RAQUEL QUIJANO FELICIANO

Modern Times - By Joel Weinstein

When you peer into the reliquary-like niches of Raquel Quijano’s Andamios, or scaffoldings—and it is easy to be drawn close, to be seduced by the riddling play of mirrored surfaces, bright colors, and strangely iconic shapes within these small depths—you find yourself lost in one of the work’s many paradoxes. The enclosures perform the magic of seeming both tiny and colossal. At times these spaces suggest the perfectly preserved evidence of vanished civilizations, and at others the antechambers of the alien worlds we learned of via the 1950s space cadet adventures of radio, television, and the Sunday funnies.

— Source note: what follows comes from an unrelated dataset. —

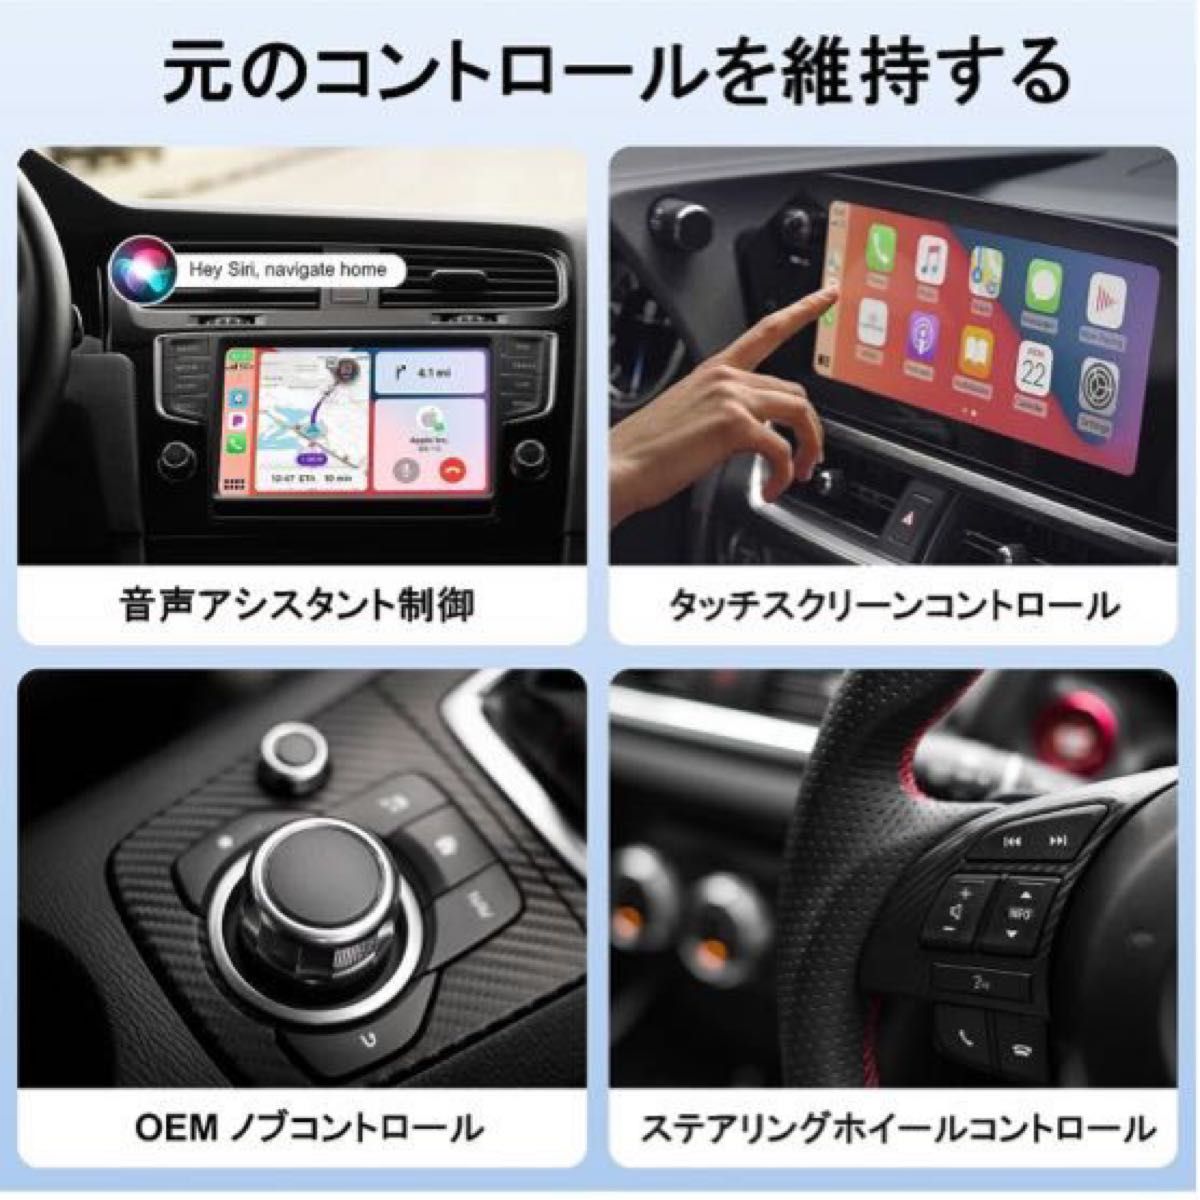 ワイヤレス CarPlay アダプター無線化 カープレイwirelessアダプター プラグ&プレイ最新人気モデル即日発送致します。

Step back and the andamios take on the look of an energized here and now. In spite of being shelf-size, the works are monumental in their intentions, their zappy silver and black surfaces a complicated system of piston-like machinery and what seem to be circuit-boards. They are robotic and intriguingly architectural at the same time. They partake of the quixotic spirit of anime and the overstuffed bombast of propaganda. If your imagination is particularly supple, Quijano’s work constitutes an intricate play of abstract forms that add up to nothing exactly but suggest a great deal about the energy fields, subsurface conduits, and wacky science that might very well underlie the workings of our cities.

Quijano calls these works prints, and, as you can see from the matrices that hang beside them, indeed they are. This is one of their most intricate, delightful puzzlements since a print has, for the most part, always been a flat thing like a painting or drawing. So in this way the andamios are a sly challenge to traditional artistic practice. But they are also toys of a sort, an idea as fun as science fiction, and a piercing vision of what we call modernity.